Onward and Upward

For centuries, friends and family have gathered to break bread, share a bottle of wine, and chat about life. This tradition rings especially true at Postino Winecafe — a restaurant that opened in a vacant 1940s brick post office in the Arcadia neighborhood of Phoenix in 2001 — where bread takes the less conventional form of bruschetta with mouthwatering topping combinations and paninis stuffed with unexpected ingredients. Craig DeMarco and Lauren Bailey, owners of parent company Upward Projects — which also founded such Phoenix favorites as Windsor, Churn, Federal Pizza, and Joyride TacoHouse — aim to create beautiful spaces for people to feel at home in.

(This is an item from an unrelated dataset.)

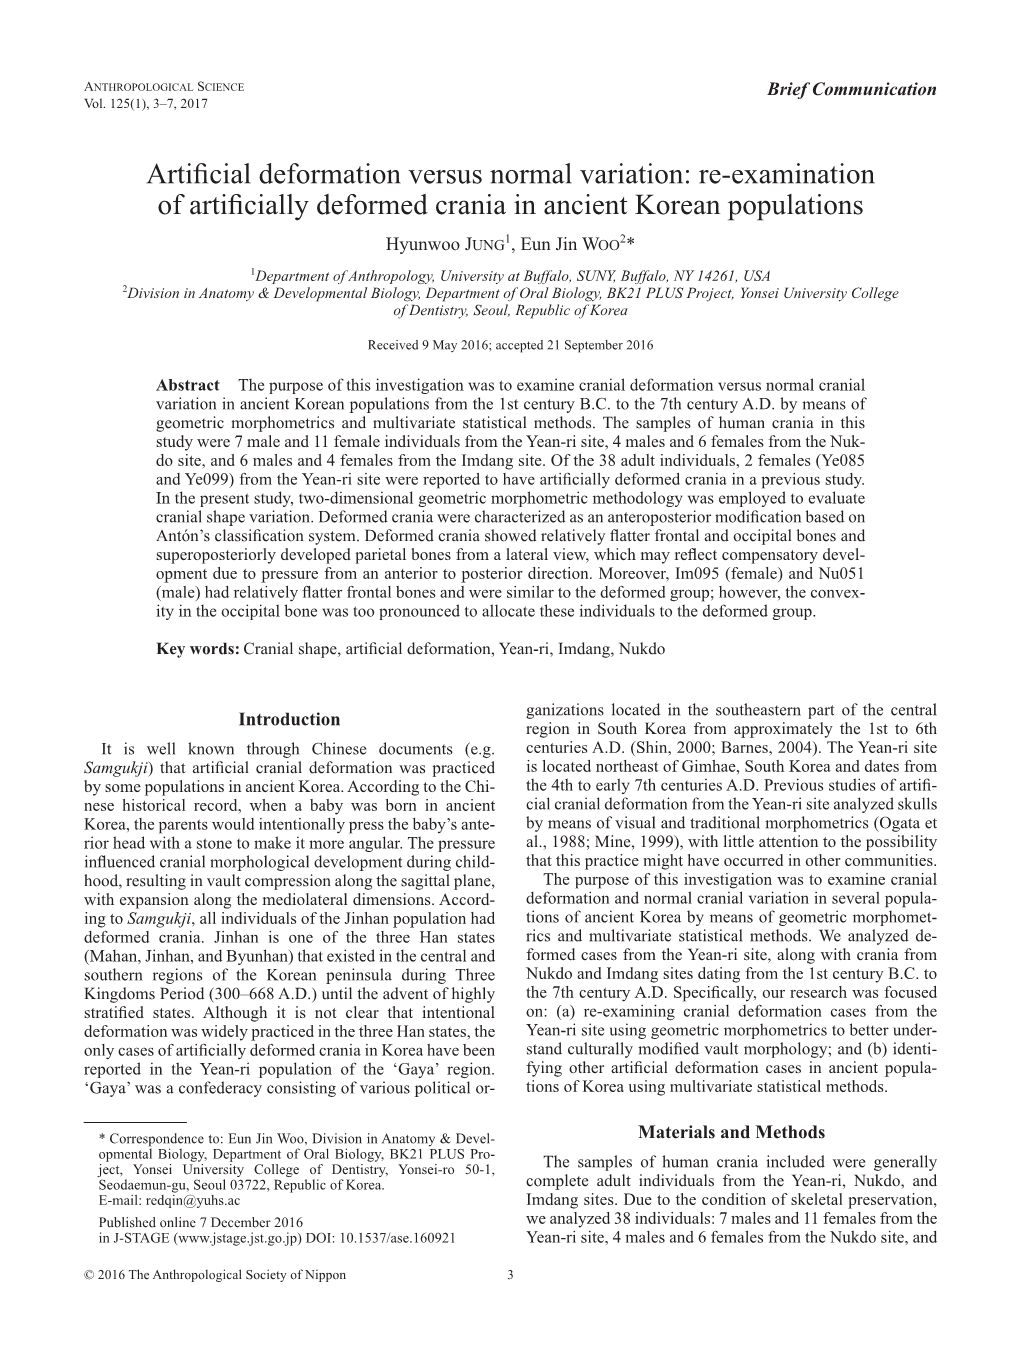 Re-Examination of Artificially Deformed Crania in Ancient Korean Populations
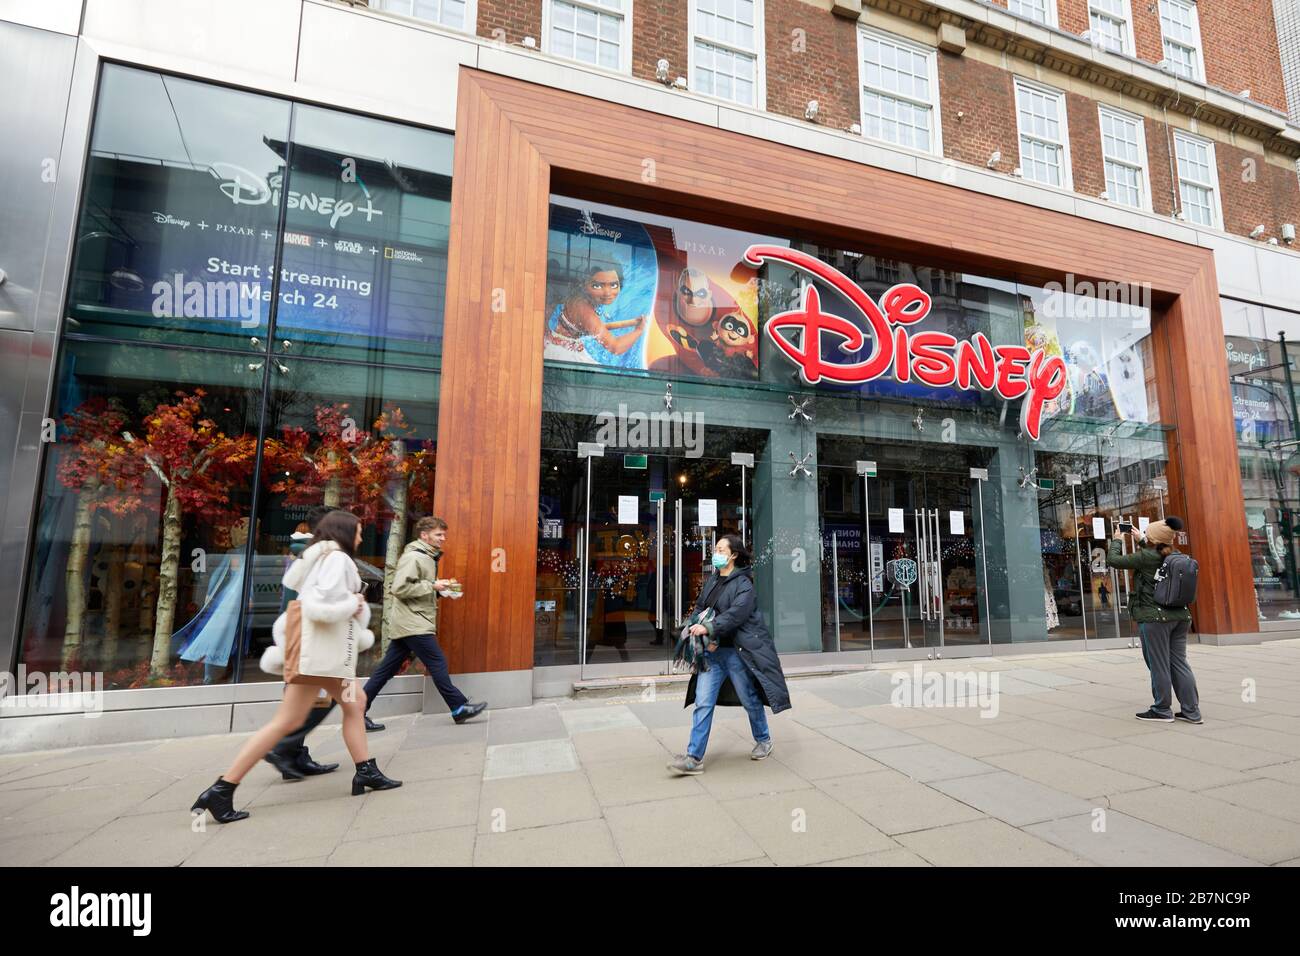 London, Großbritannien - 17. März 2020: Der Disney Store in der Oxford Street. Das US-amerikanische Unterhaltungskonglomerat hat aufgrund der weltweiten COVID-19-Epidemie alle Hotels und Einzelhandelsgeschäfte geschlossen. Stockfoto

“Since the very beginning, our concepts have been rooted in the neighborhoods they’re in,” explains Marisa Bigler, senior graphic designer at Upward Projects. “Although we’ve always been passionate about adaptive-reuse projects, not all of our restaurants are in old buildings. When it comes to design, we like to pay homage to the history of the building, or the time period it was built in, the neighborhood, and the people that made the community what it was.” For instance, Bailey recently visited Houston, where Postino Montrose opened, to install an art piece made from memorabilia of the community’s history — it’s housed in what was the first gay bar in Houston, and the wall collage will pay a creative and loving tribute to its LGBTQ roots.

DINING IS IN THE DETAILS
Upward Projects knows that eating out is about more than a few tasty bites of food and a convenient location — it’s about creating an experience that your patrons crave over and over again. As they say, the devil is in the details. “It’s the server sharing some little-known history about the building, the music that makes you want to Shazam it, or the unique beer list,” says Bigler. “How menu hardware feels on the table, hidden messages on a gum chit, the weight of a business card, which upholstery to use in the Arizona sun or Texas humidity, or whether a menu font is large enough to read in low light.” And, of course, it’s also about the people. “The people we choose to bring on to our team are people who share our values and strive to make people feel good — whether that’s in the restaurants or in our headquarters,” says Bigler. “It would be harder onward and upward to be creative if we didn’t enjoy being around each other all day!” The same attention to detail goes into the brand’s digital marketing, which often goes through a few iterations of ideas and designs before reaching that final “ah-ha” moment. “Our goal is to get our guests excited to open our emails or share an animated GIF we created for Instagram,” reveals Bigler. “We want to continue to be an unexpected and happy surprise. We think about these details on the daily, and that contributes to our success.”

A SOLUTION TO GROWING PAINS
With seven locations in Arizona (including an upcoming Tucson restaurant), two more in Houston and three in Denver, Postino is expanding into new markets at a rapid pace — as such, Upward Projects was faced with the reality that their previous printer couldn’t handle the workload. “We will be at 20-plus locations in the next few years, so we needed a provider that offers a more advanced ordering platform, as well as fulfillment and shipping,” says Bigler. “We hired Prisma a year ago, and it’s great to have a solutions partner who can help guide us to where we need to be and plan for that growth.” The company uses Prisma’s dokshop portal for print-on-demand items such as menus, store collateral, signage, and also for third party items that they keep in inventory for fulfillment, such as custom menu hardware and screen-printed stickers. There are also sections for “sign holders” and “event décor,” where the restaurants can follow links to pre-selected items, which makes it easy for them to stay on-brand. “Dokshop has been a game-changer for the stores and our home office,” says Bigler. “It encourages department heads to be able to plan and budget their print collateral. The stores can log on and order business cards from variable templates, which is sent to Marketing to proof before print. This puts the responsibility on the stores instead of our department becoming a bottleneck for their initiatives. It’s easy for our team to log in and quickly see all the materials available, select quantities, and determine budget.”